# Do I have anything to gain by upgrading my bottom bracket?



## Rollingeezer (Oct 20, 2012)

I have a Shimano 105 group set on my specialized. would I have anything to gain by upgrading to a SRAM red or similar bottom bracket? Other than a lighter wallet?


----------



## AndrwSwitch (May 28, 2009)

Depends who you ask. 

The friction in a correctly-adjusted, undamaged bearing with steel balls and non-skanky races is already really, really low. They also last a long time. I wouldn't bother to change out a Shimano bottom bracket unless and until there was something wrong with it. I've actually killed a couple on my mountain bike. I replaced the first one, but I held onto it. The second time, I rebuilt the damaged bottom bracket with new bearings, stuck it back in, and that's what I'm riding now. My road bike is old enough to have an internal bottom bracket, and that's been doing fine for over ten years. (And I do check on it from time to time.)

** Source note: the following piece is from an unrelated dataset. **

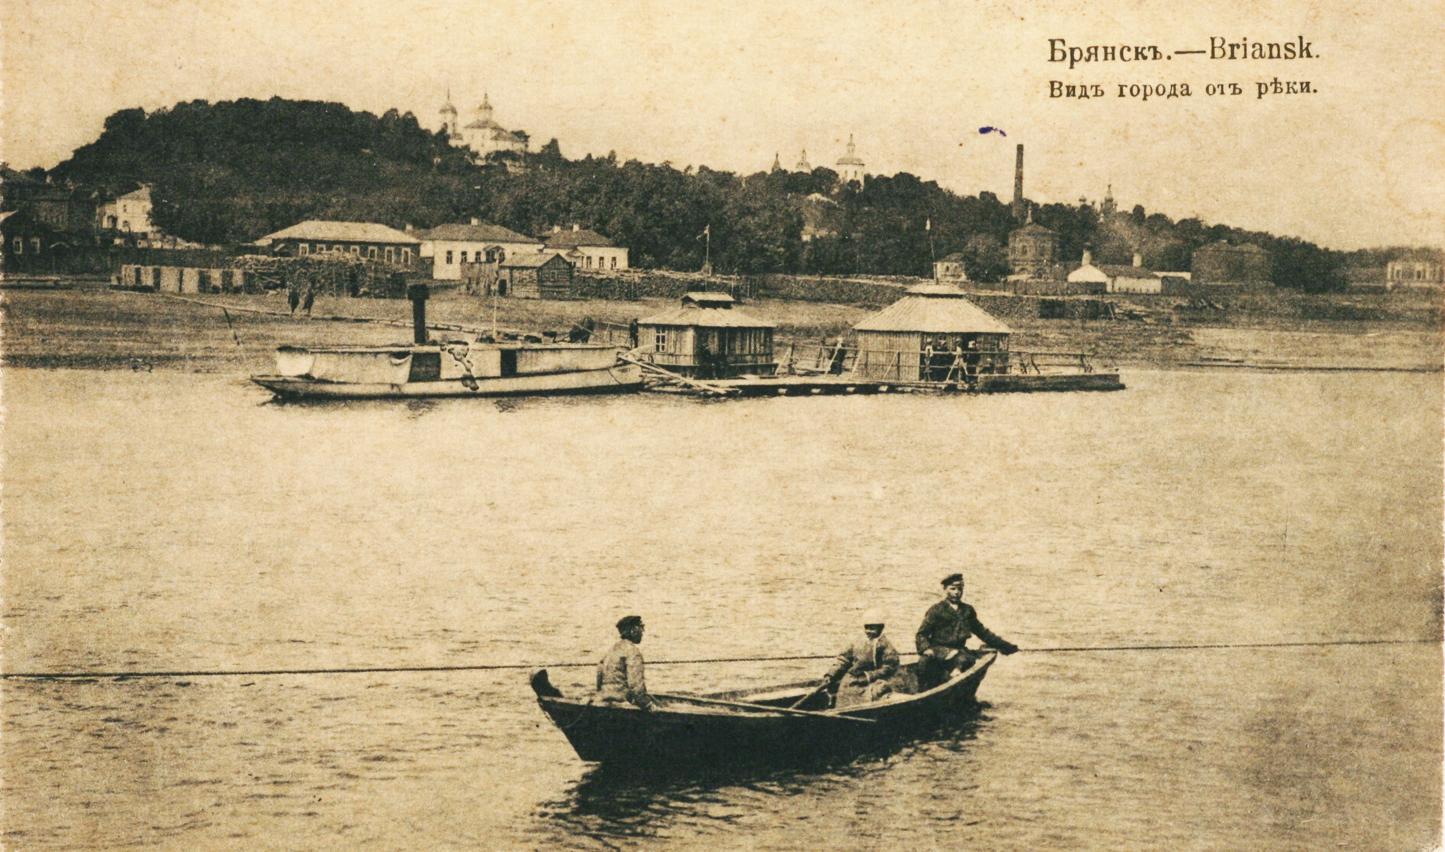 Вид города от реки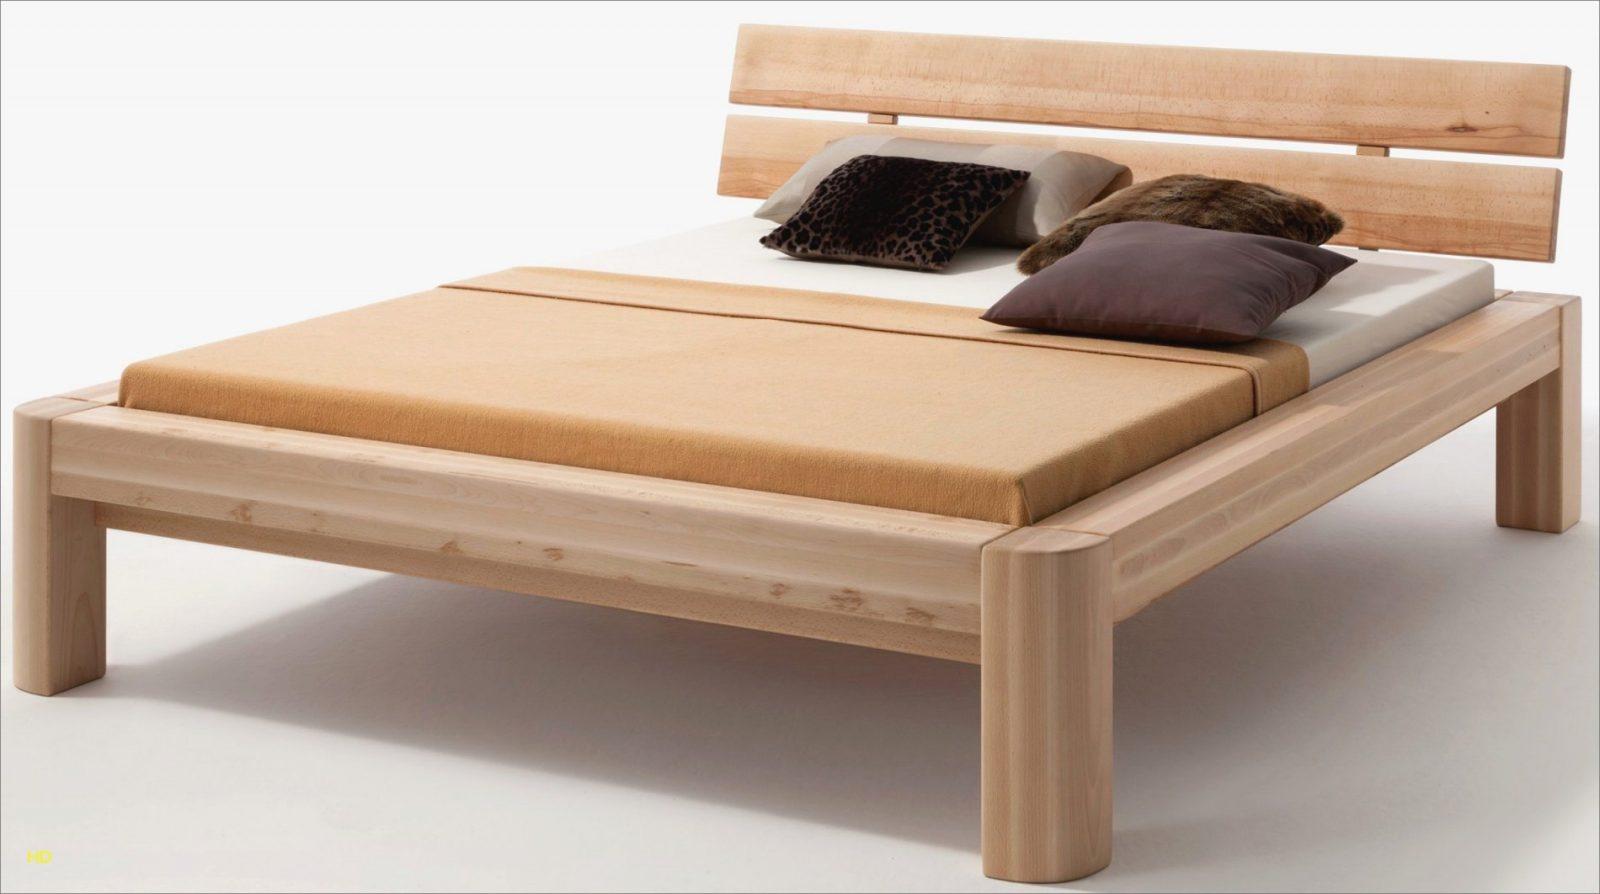 Bett 200X200 Mit Stauraum — Haus Möbel von Podestbett Stauraum Bett Selber Bauen Bild

Of course, someone is always happy to sell you stuff.


----------



## Rollingeezer (Oct 20, 2012)

Thanks for the input....kind of reaffirms my suspicion
.


----------



## SteveV0983 (Dec 9, 2008)

I wouldn't change anything until that one gives you a problem. I was getting about 4000 miles out of Ultegra BBs and got sick of changing them out. Even though it was probably more effective to keep changing out the $30 Ultegras, I decided to put a King on my new bike and so far I have no regrets at all. I guess I'll see how it lasts, but for the first 1000 miles it has been absolutely flawless, dead quiet, and smooth as butter. To me, so far, it was well worth the extra $$.


----------



## mtnroadie (Jul 6, 2010)

My Dura Ace BB is just as smooth as my 105 BB.
My Record 11 UT BB is smoother than my Athena 11 UT BB.


----------



## tihsepa (Nov 27, 2008)

You cant run a S(h)ram bottom bracket with a Shimano crank. So,no.


----------



## cxwrench (Nov 9, 2004)

i pulled a set of ceramic bb bearings out of a roubaix yesterday. bike is less than a year old, owner doesn't like to ride in the rain. apparently he doesn't like to take care of his bike, either. the drive side bearing felt like it has gravel instead of ceramic balls rolling around between the races. i replaced them w/ $20.00 worth of enduro steel bearings and he was amazed at how smooth if felt. he didn't believe me when i told him they weren't ceramic. he was appalled when he felt his old bearings. 
you could have the bearings replaced in your shimano cups when they get worn, we do that all the time w/ the enduro kit. $20.00 for parts, about the same for labor. it will be very smooth and should last longer than stock bearings. 
or...
you could buy the chris king as mentioned above. it's the bb equivalent of their headsets...it should last longer than any other bb on the planet. easily the best you can buy. i wouldn't waste money on the ceramic upgrade, definitely not worth it.


----------



## kinguin7 (Apr 28, 2011)

Shimano BB cups are identical regardless of which group they come with. And no reason to upgrade except MAYBE longevity, that's money much better put elsewhere if it's burning a whole in your pocket.


----------



## .40AET (Aug 8, 2008)

Wait until they're shot, then put get an Enduro BB or a King. Both are serviceable and will last for years.


----------



## AndrwSwitch (May 28, 2009)

Funny enough, the bottom bracket rebuild I did was with the inexpensive kit from Enduro.


----------



## wabasso (May 18, 2012)

Rollingeezer said:


> I have a Shimano 105 group set on my specialized. would I have anything to gain by upgrading to a SRAM red or similar bottom bracket? Other than a lighter wallet?


No .


----------